The Crusader Newspaper Group

Ida B. Wells awarded special Pulitzer Prize

Crusader Staff Report

Ida B. Wells, the Black female journalist who investigated lynching in the South during the Jim Crow era, was awarded a Pulitzer Prize citation 89 years after she died in Chicago.

The announcement was made Monday, May 4 at the Pulitzer Prize ceremony at Columbia University in New York.

During Wells’ time, Black journalists could not win Pulitzer Prizes. The honor was awarded to white journalists working at white newspapers. Most Black journalists worked for Black newspapers that were part of the Black Press.
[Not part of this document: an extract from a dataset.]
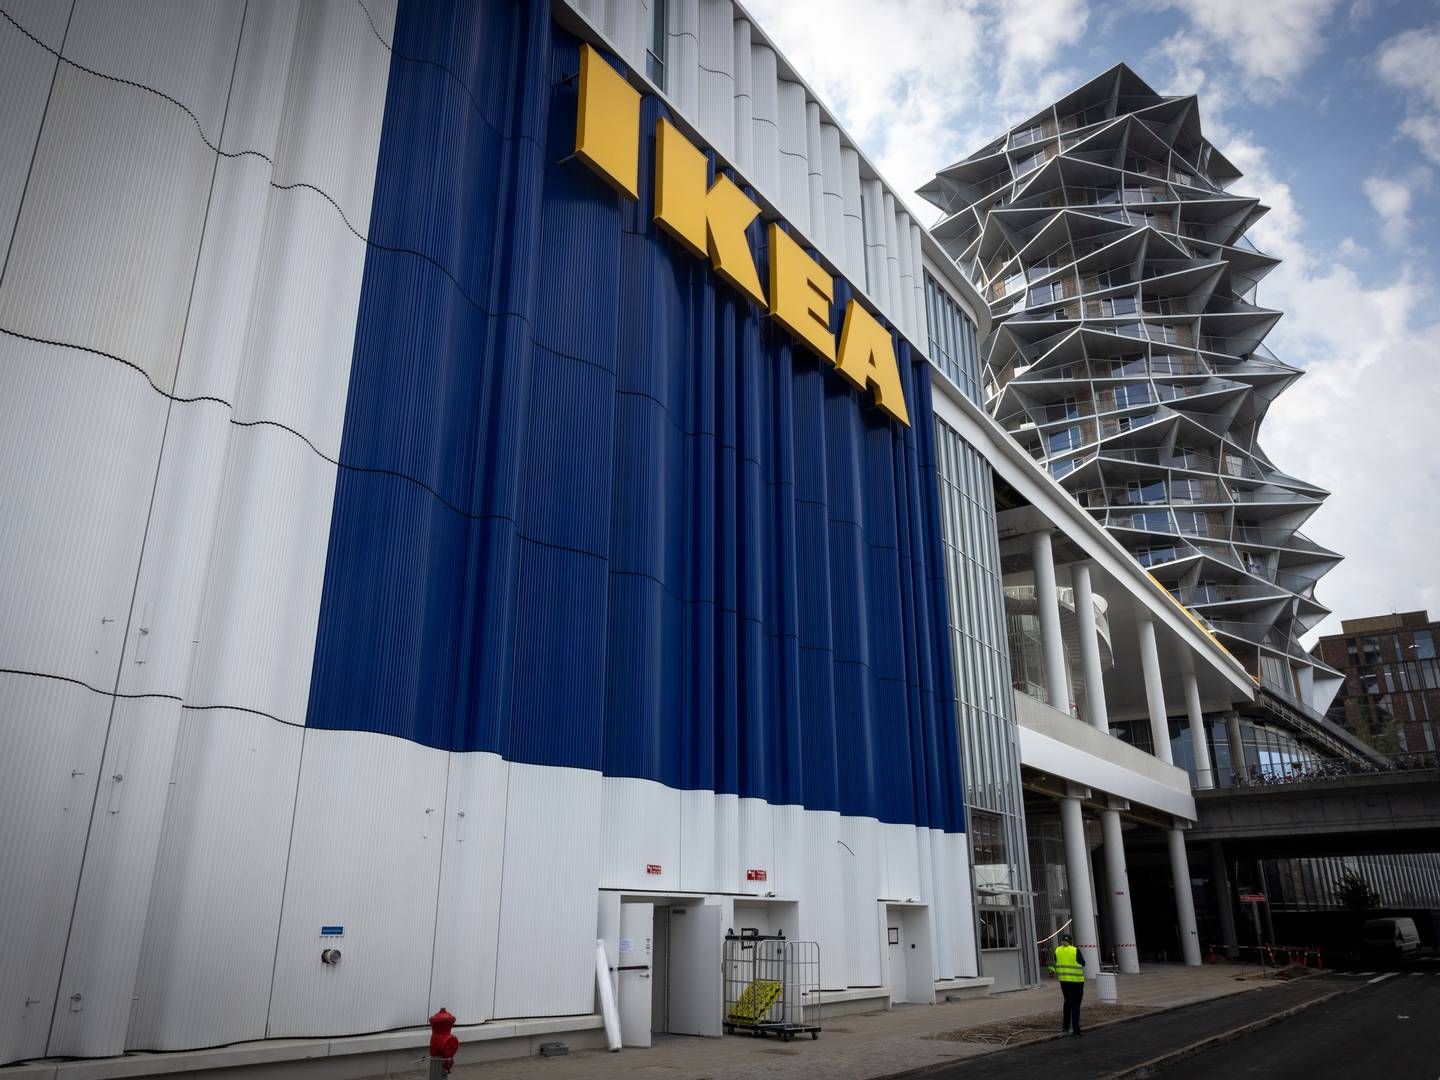 ”Vi har øget vores sikkerhedslagre for visse produkter og vil fortsætte denne tilgang for at imødekomme vores kunders behov,” udtaler Arvid Stigland, der er pressechef i den svenske møbelkoncern Ikea. | Foto: Nichlas Pollier

Ironically, the first Black to win a Pulitzer Prize was Chicago’s Gwendolyn Brooks, who earned it in 1950 for her poem “Annie Allen.” The poem is about a Black girl growing up in Bronzeville.

Chicago shares a special bond with Wells. In 2019, the city renamed Congress Parkway after Wells for her contributions to the city and the Women’s Suffrage Movement.
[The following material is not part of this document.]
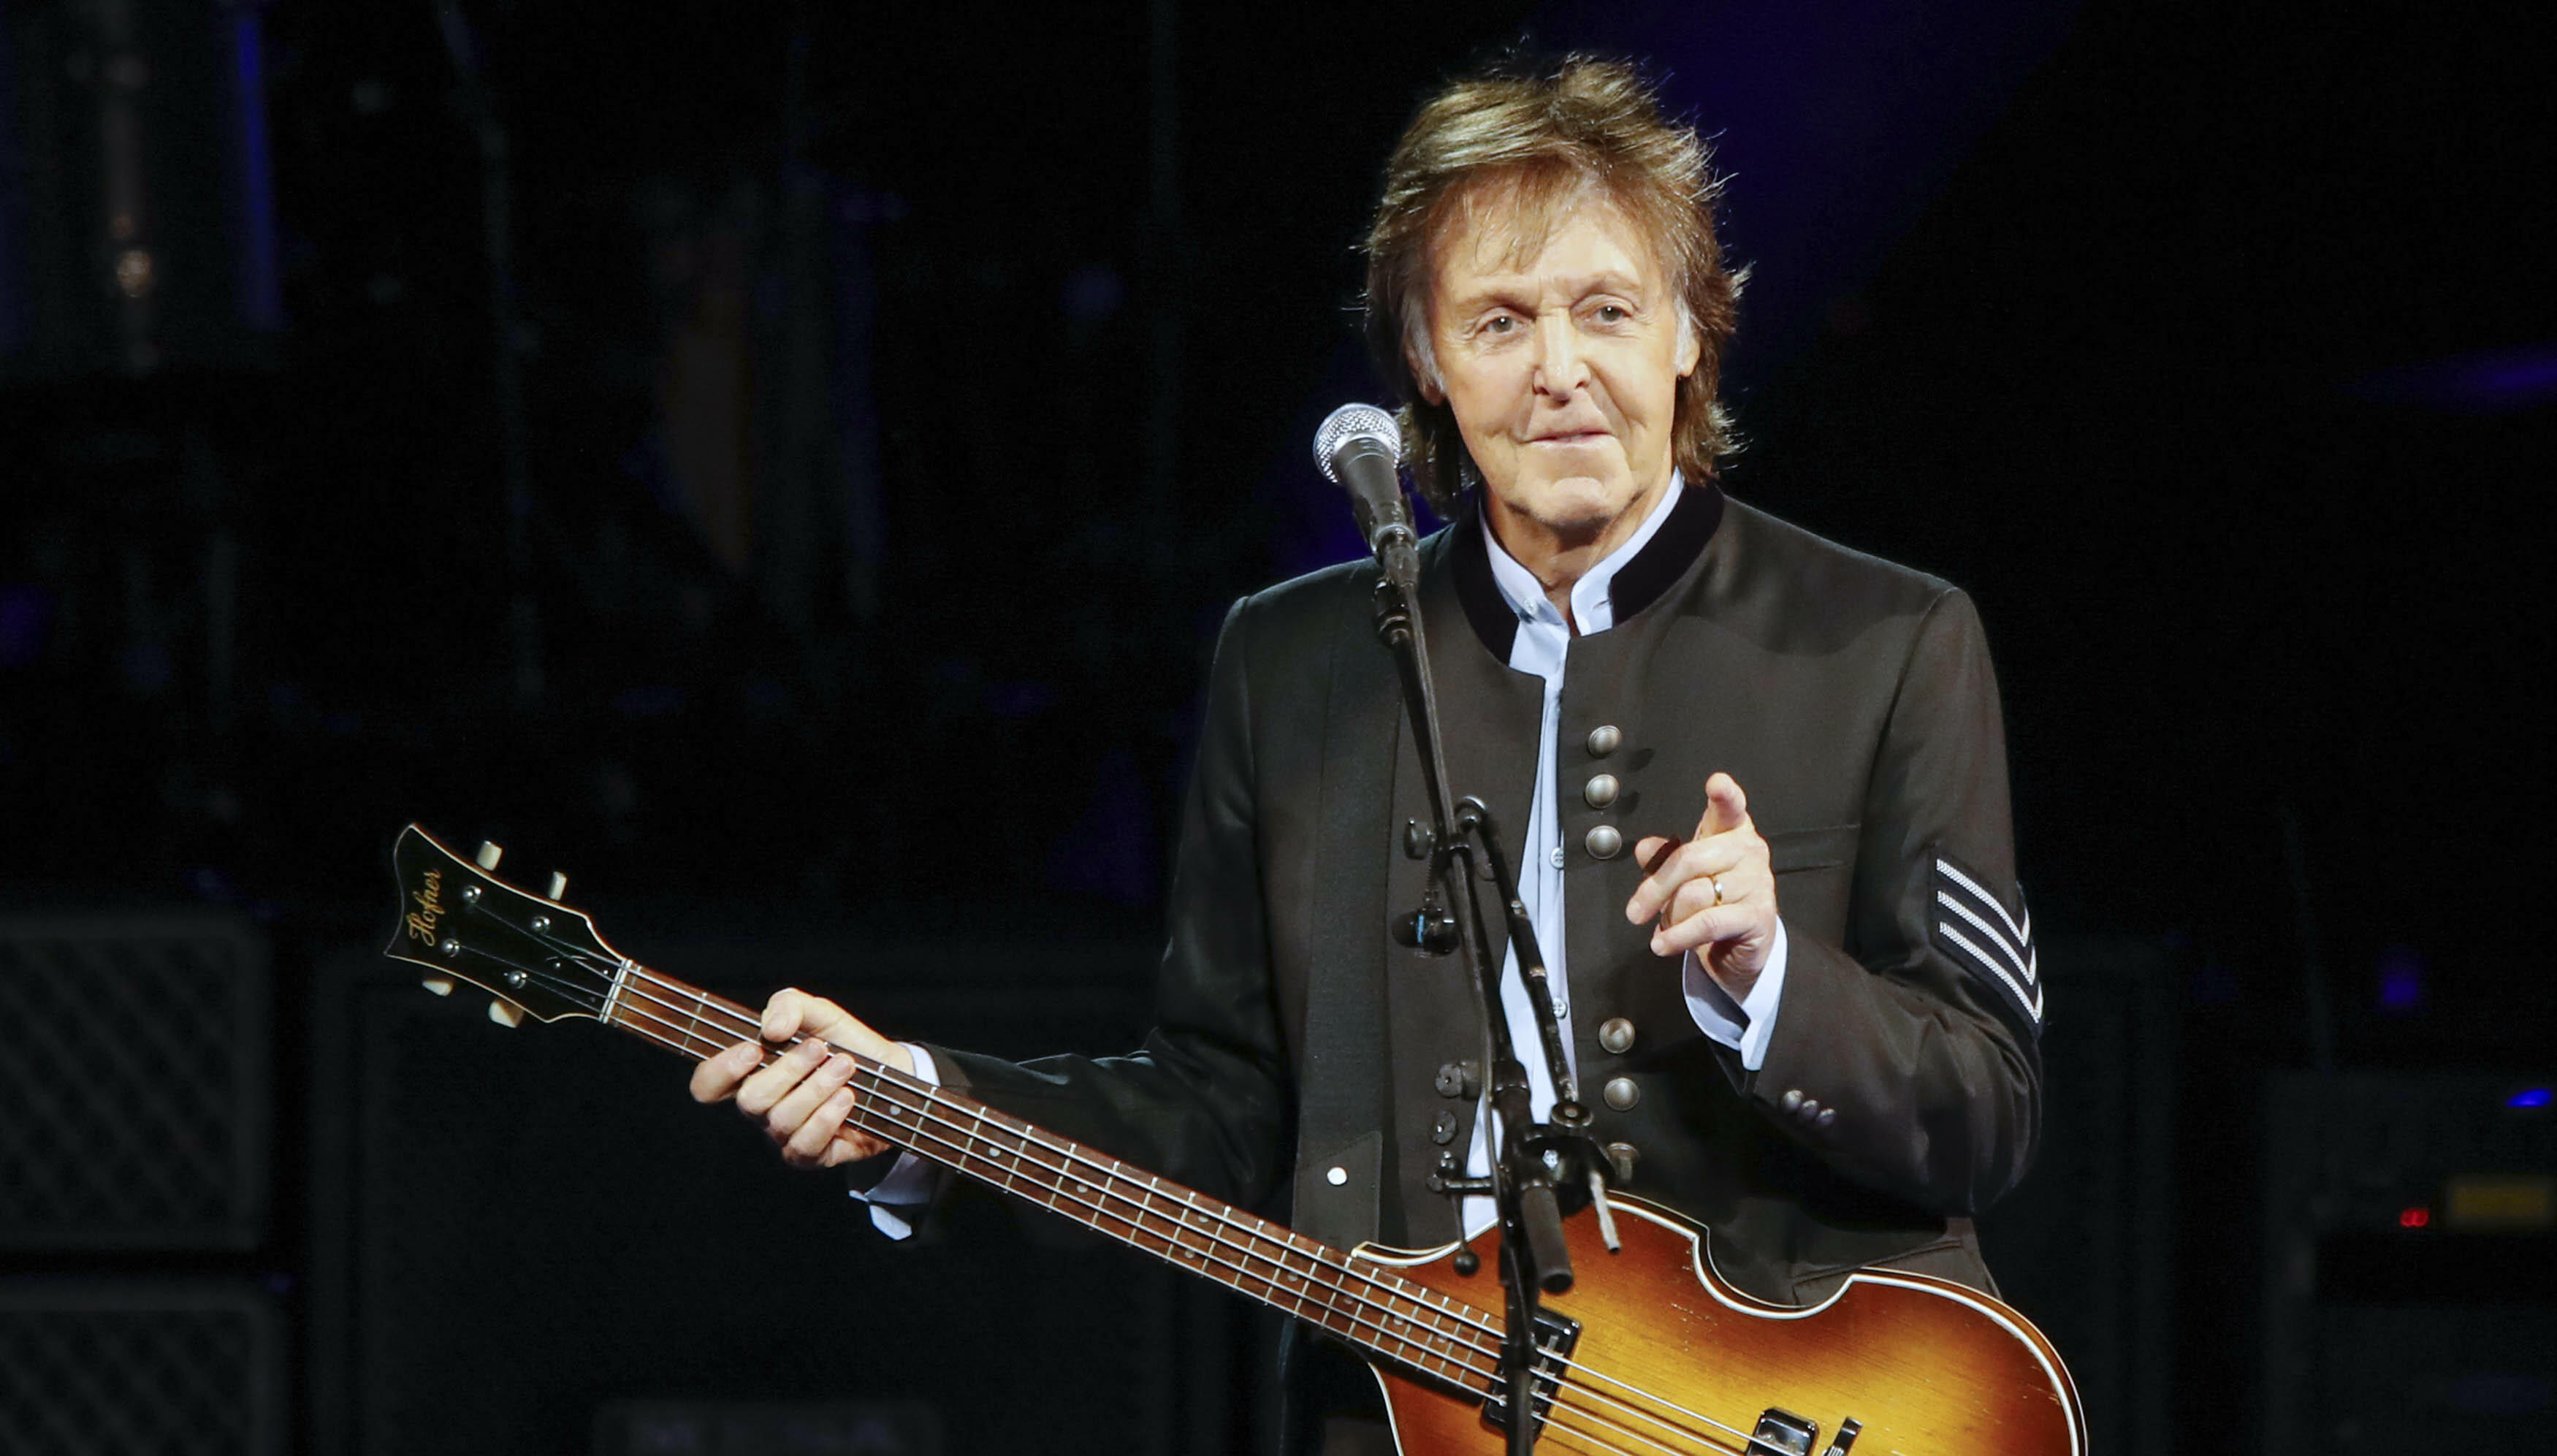 Paul McCartney Nears $1 Billion In Solo Touring Revenue | iHeart

The Chicago Crusader was founded in the former Ida B. Wells housing project in Bronzeville. Last year, Crusader Publisher Dorothy R. Leavell was given a special award by the Ida’s Legacy organization for serving 58 years at the newspaper.

Wells lived in Chicago at 3624 S. King Drive. She died in 1931 and is buried in Oak Woods Cemetery along with her husband, Ferdinand Lee Barnett. Her former home is a Chicago landmark.

Michelle Duster, Wells’ great granddaughter who lives in Chicago, expressed excitement after she learned about her great grandmother being awarded the Pulitzer.

“That is such an amazing honor,” Duster told the Crusader.

“She spent her life sacrificing to tell the truth about what was going on regarding lynching in her time. My great grandmother lost her printing press, faced death threats and a whole lot of sacrifices were needed on her part, but she never gave up.”

An investigative journalist, Wells filled a void at a time when white newspapers did not cover the murders of Black residents. After she moved to Chicago from Memphis, Wells fought for better housing conditions as hundreds of thousands of Blacks moved to the city during the Great Migration.

She was born a slave in Holly Springs, Mississippi in 1862. Wells was 16 when both of her parents died of yellow fever. She dropped out of high school and worked as a teacher to help take care of her five siblings. She eventually moved to Memphis.

At 30, she embarked on an anti-lynching campaign in 1892, after a mob dragged Thomas Moss out of a Memphis jail in his pajamas and shot him to death over a feud that began with a game of marbles. From interviews and documents, Wells-Barnett discovered that most rape cases involving Black men were incidents of consensual interracial sex. She reported her findings in a newspaper she co-owned and edited, The Memphis Free Speech and Headlight.

In her time, Wells became the most famous Black woman in America.

Her newspaper office was bombed by an angry mob, outraged by her news stories. She eventually moved to Chicago. She was a friend of abolitionist Frederick Douglass. The two participated in the 1893 Columbian Exposition also known as the Chicago World’s Fair in Jackson Park.

In 1895 she married Attorney Ferdinand L. Barnett, founder of the Conservator, Chicago’s first Black newspaper.

In 1909, Barnett was one of the founders of the NAACP and she worked with suffragist Jane Addams to help open Chicago’s first kindergarten for Black children. She also founded the Negro Fellowship League for Black men and boys and started the Alpha Suffrage Club in Chicago, for Black women seeking the right to vote.